According to ECSA an MRV regulation should apply to ships above a Gross Tonnage (GT) limit set at a level that excludes small emitters and consequently avoids an unacceptable burden on small ships, which proportionally represents a very limited fraction of the total CO2 emissions. So it is suggested that ships above 5000 GT threshold (covering 90% of the CO2 emissions and accounting for around 55% of the number of ships calling at EU ports) will determine an acceptable ‘administrative burden’-‘environmental effectiveness’ ratio.
CO2 is by far the most important GHG emitted by ships, both in terms of quantity and of global warming potential, and the potential benefits from reducing emissions of other greenhouse gases are small in comparison. Obviously, emissions of other relevant substances as exhaust gas GWP or pollutants will be reducing as the energy efficiency of individual ships improves. This is linked to the reductions in emissions that are mandated from the implementation of the revised MARPOL Annex VI.

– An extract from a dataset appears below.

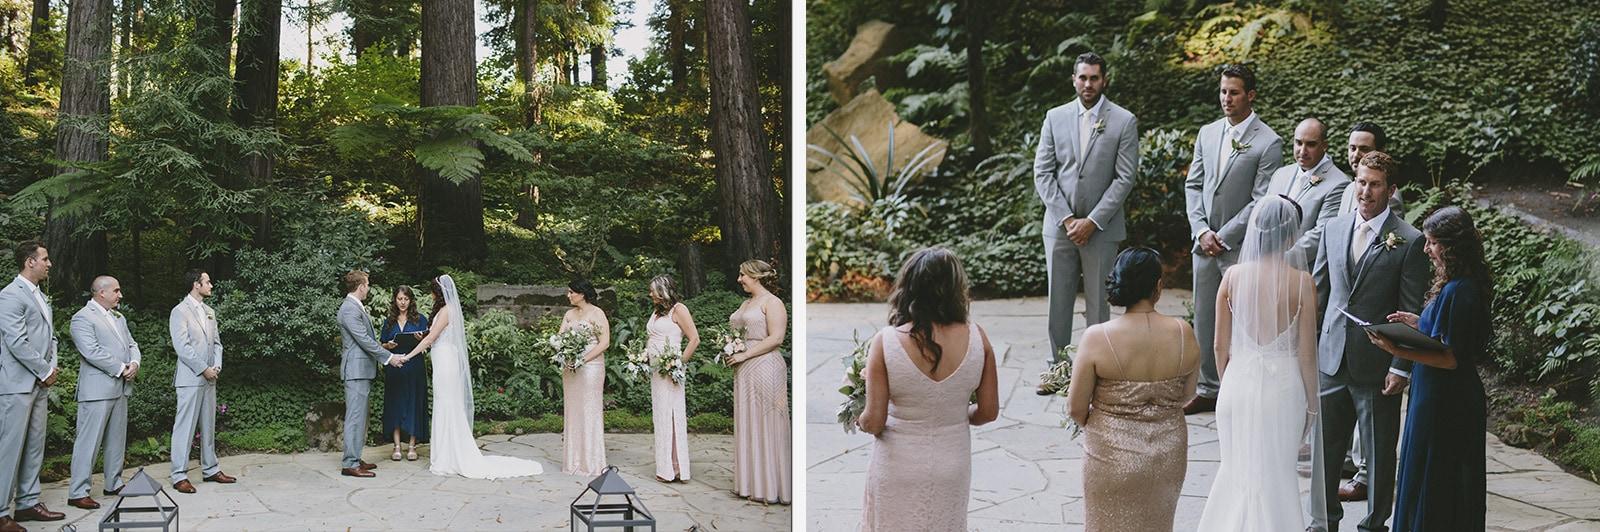 nestldown_wedding_018

Furthermore, as rightly expressed with the Commission proposal, the measurement equipment required for emissions other than CO2 cannot be considered as sufficiently reliable and commercially available for use at sea. In particular, continuous NOx monitoring requires a much more complex technical measurement equipment as it cannot be calculated via emission factors like for CO2 emissions. Therefore, at this stage, the proposed MRV system should be implemented for CO2 emission monitoring only.